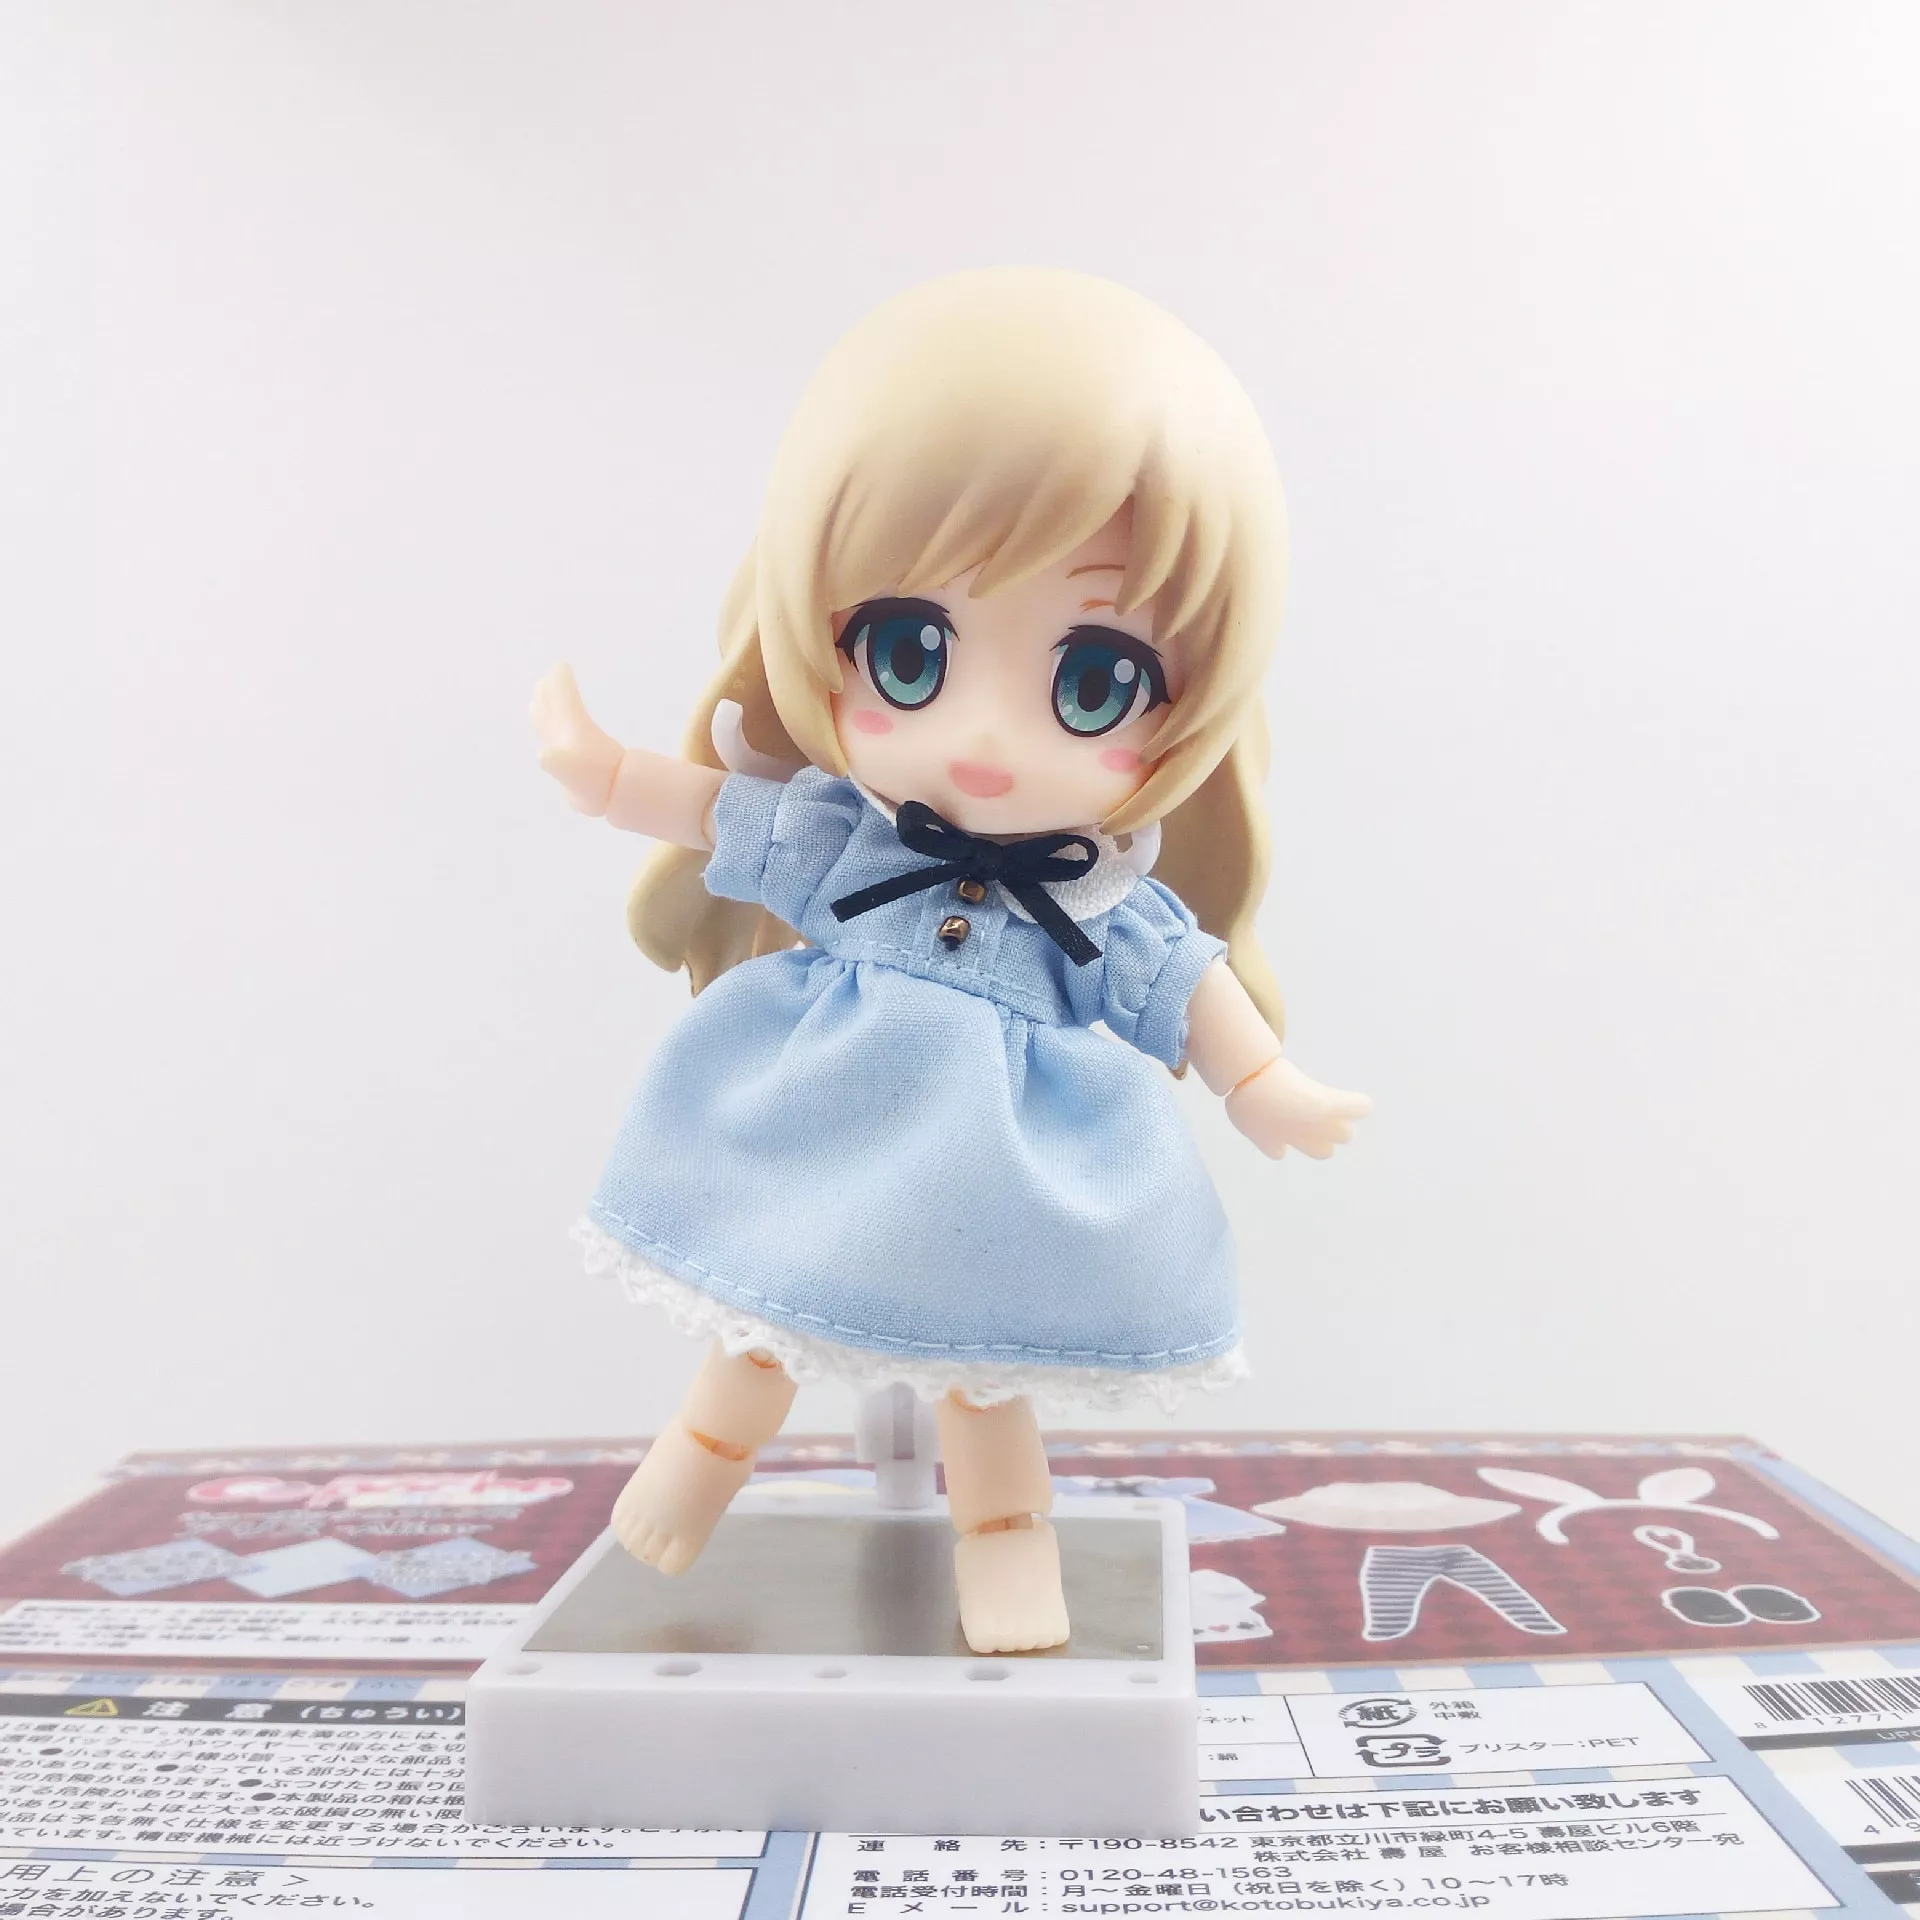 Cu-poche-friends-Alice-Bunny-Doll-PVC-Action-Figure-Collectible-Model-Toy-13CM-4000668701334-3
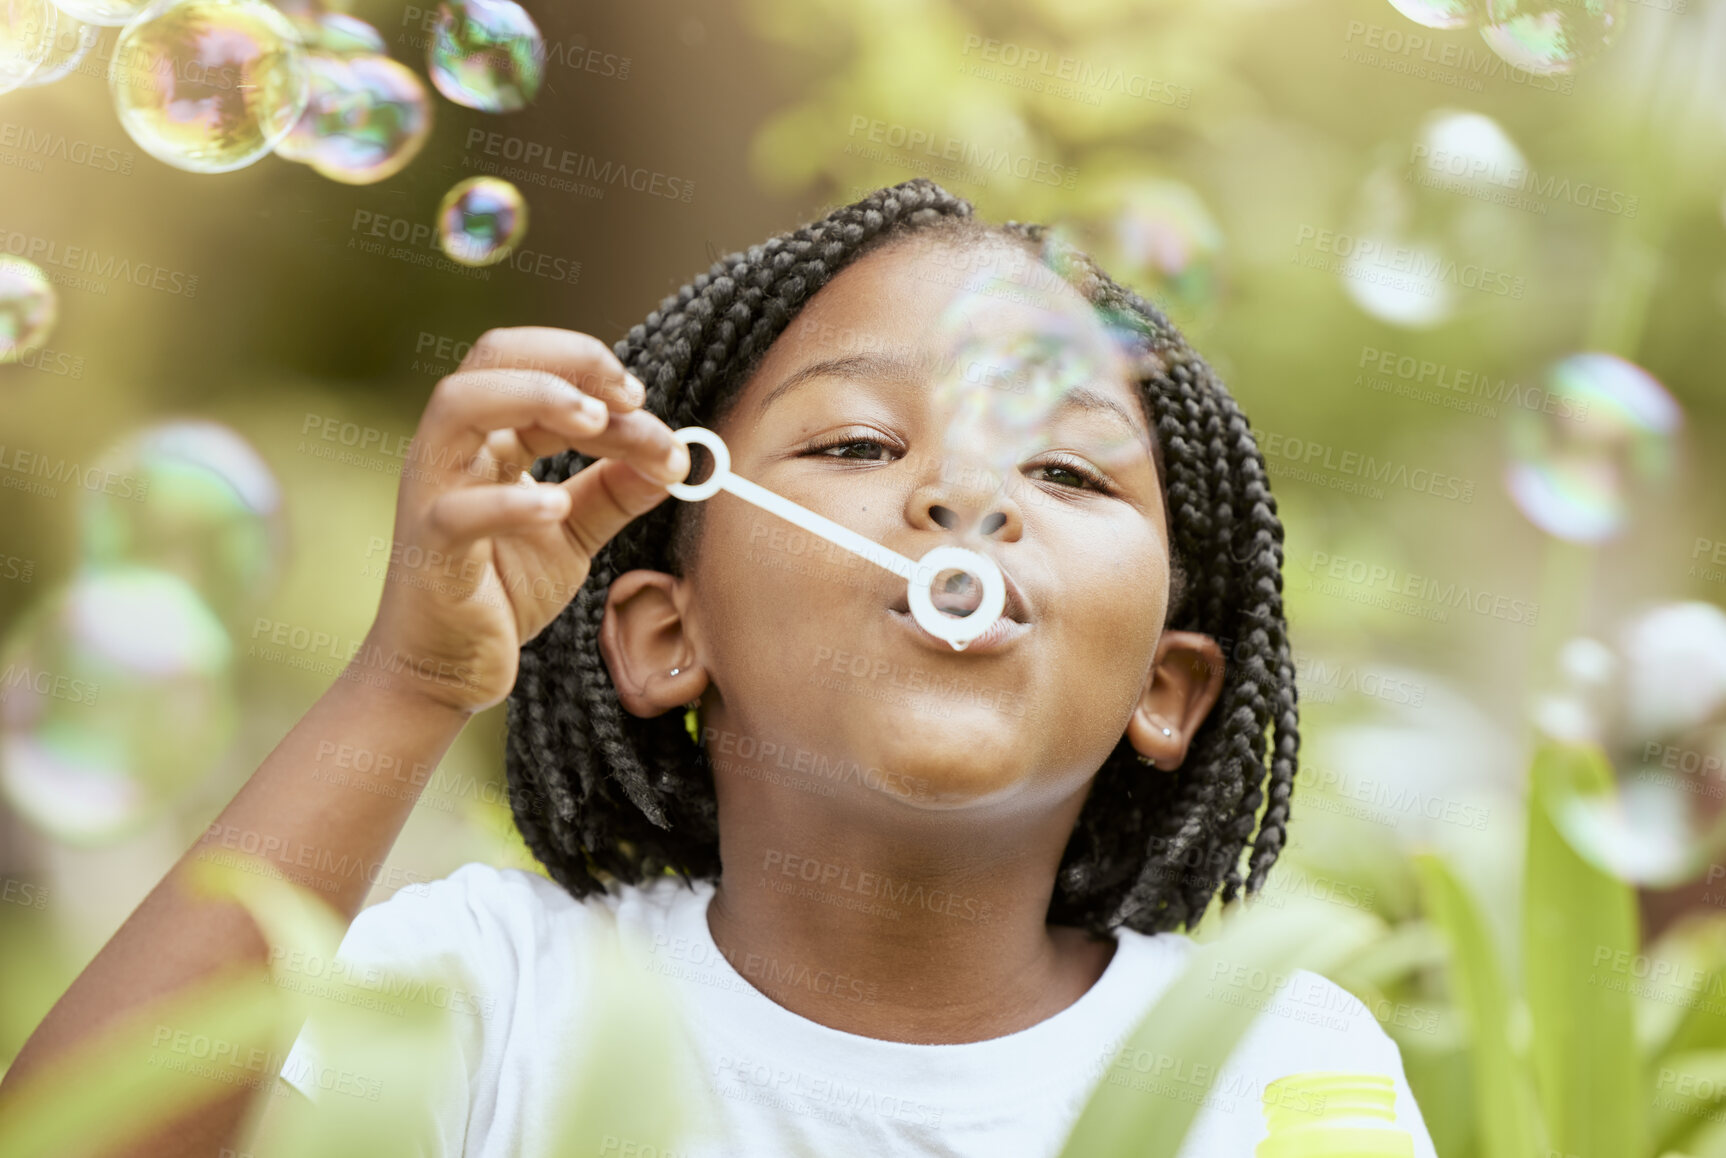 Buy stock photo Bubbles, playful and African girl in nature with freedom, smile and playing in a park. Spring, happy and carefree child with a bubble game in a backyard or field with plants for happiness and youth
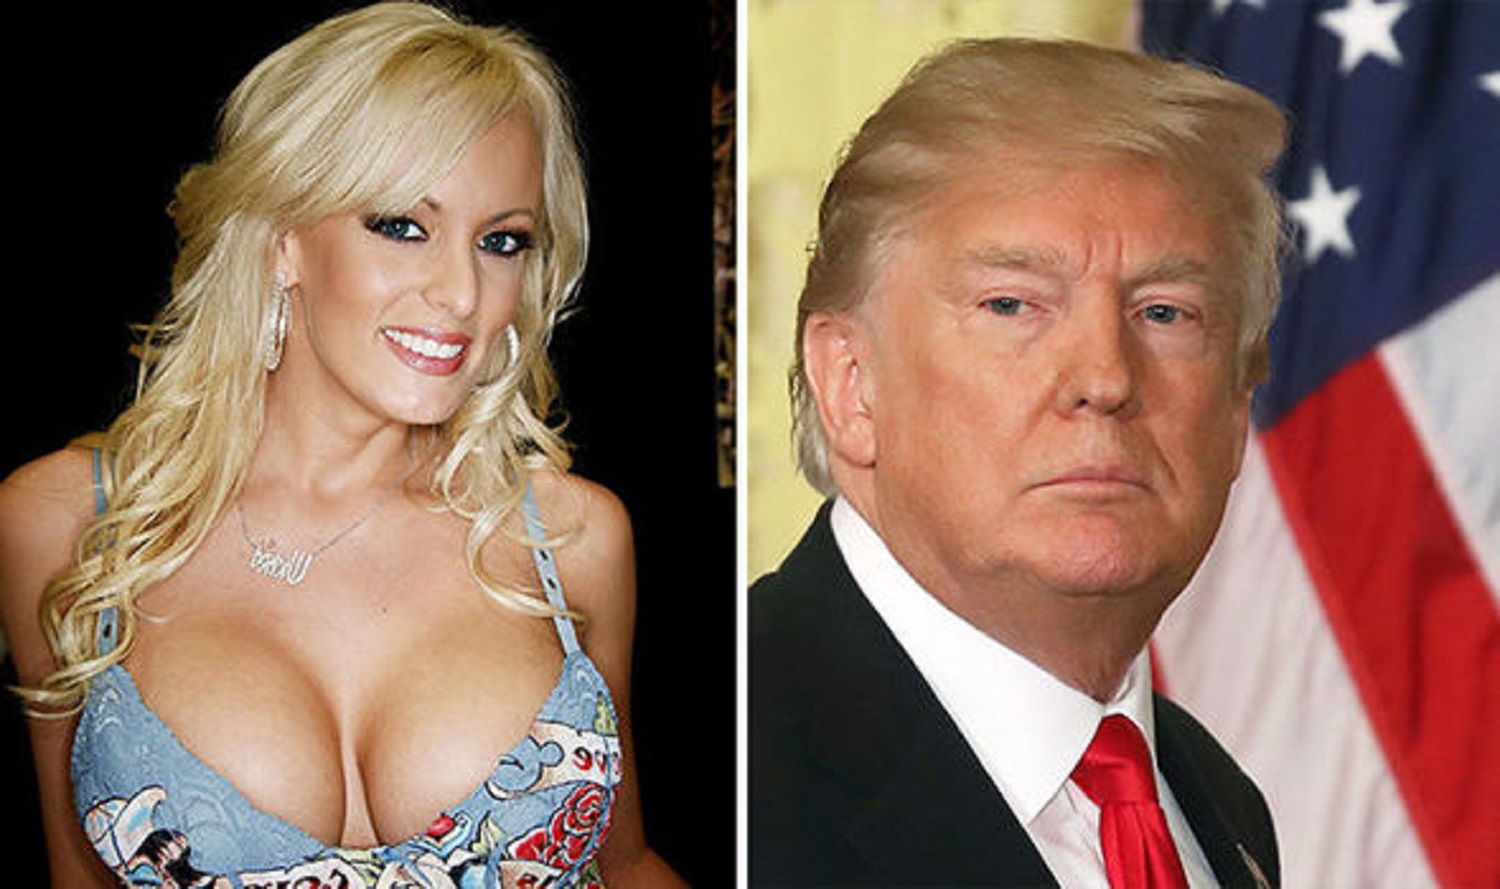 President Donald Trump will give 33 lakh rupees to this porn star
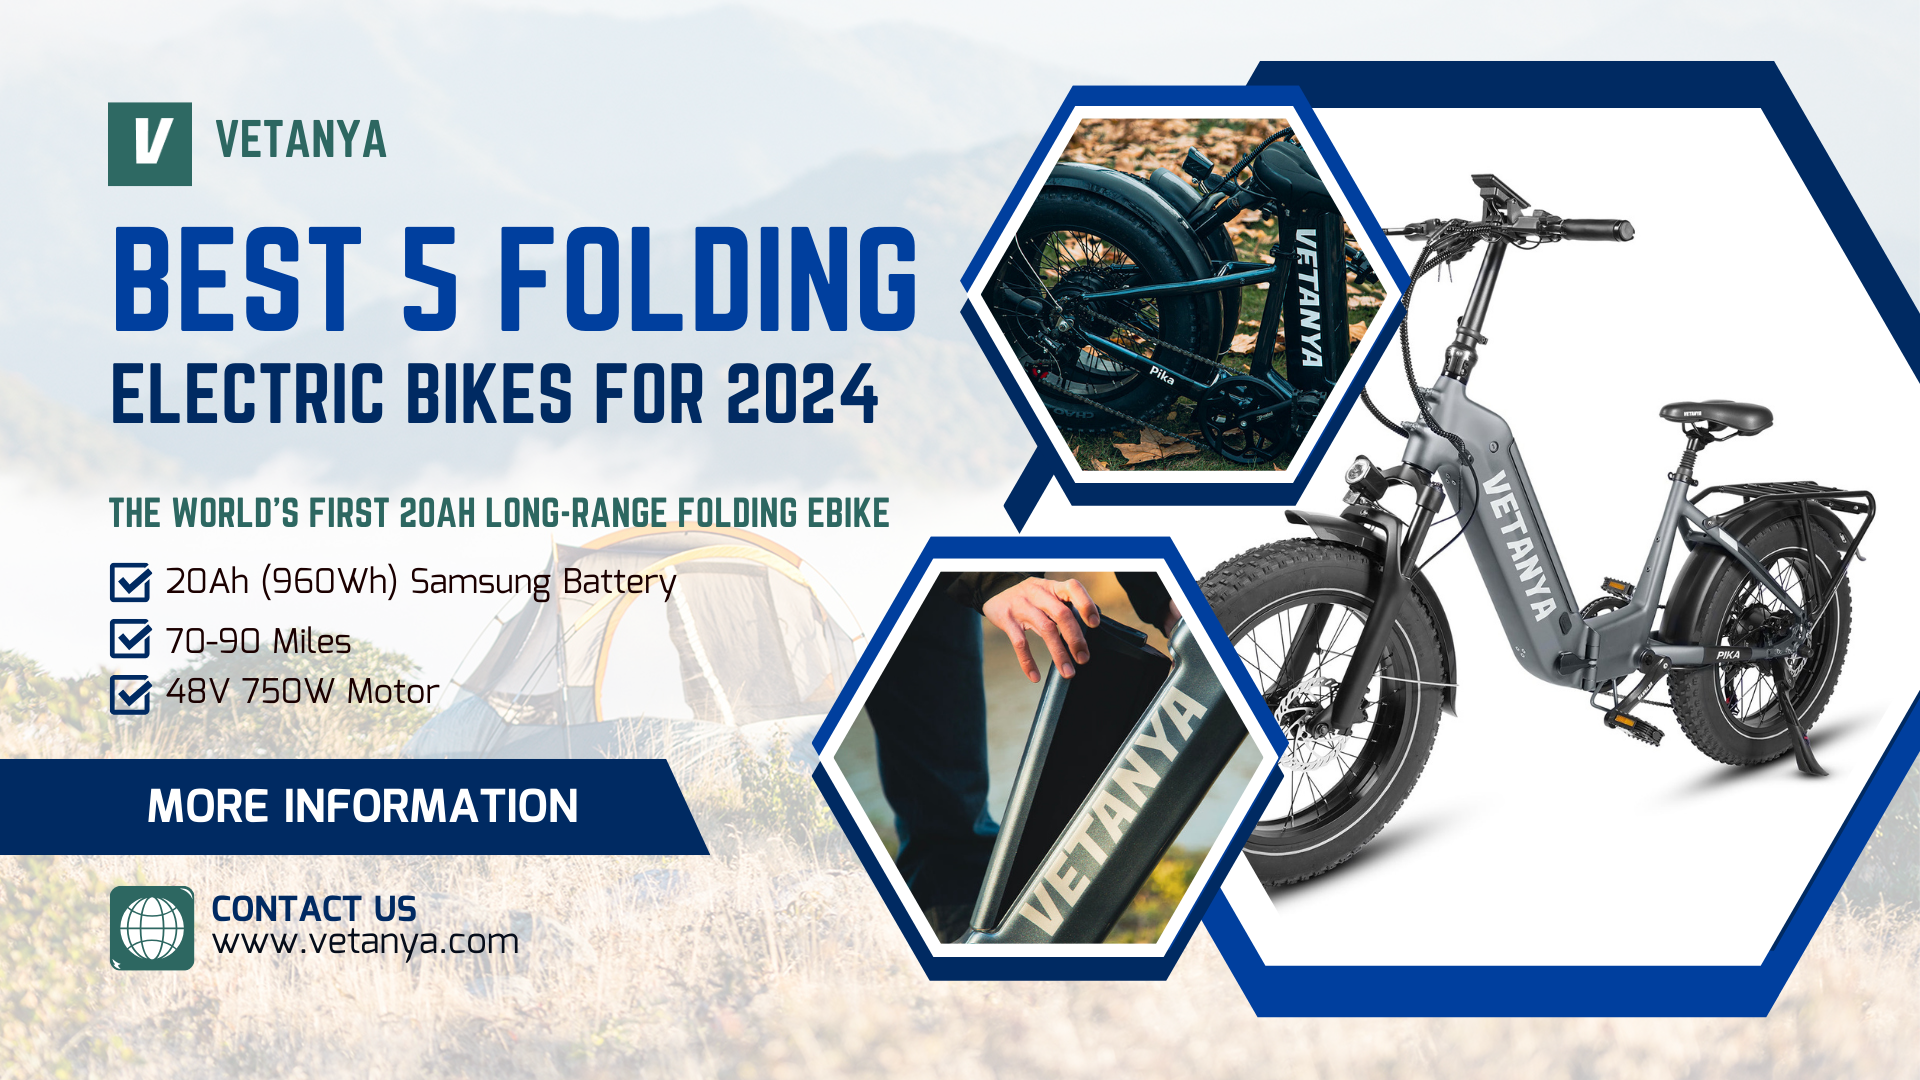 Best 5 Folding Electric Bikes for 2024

□ □ □ □ □ □ □

EXERCISE AIM ▸
From the line that contains "President Donald Trump" down to the last line of the material above, every line must be repeated exactly, with pictures removed and both end lines included.

TASK OUTPUT ▸
 President Donald Trump will give 33 lakh rupees to this porn star
 Best 5 Folding Electric Bikes for 2024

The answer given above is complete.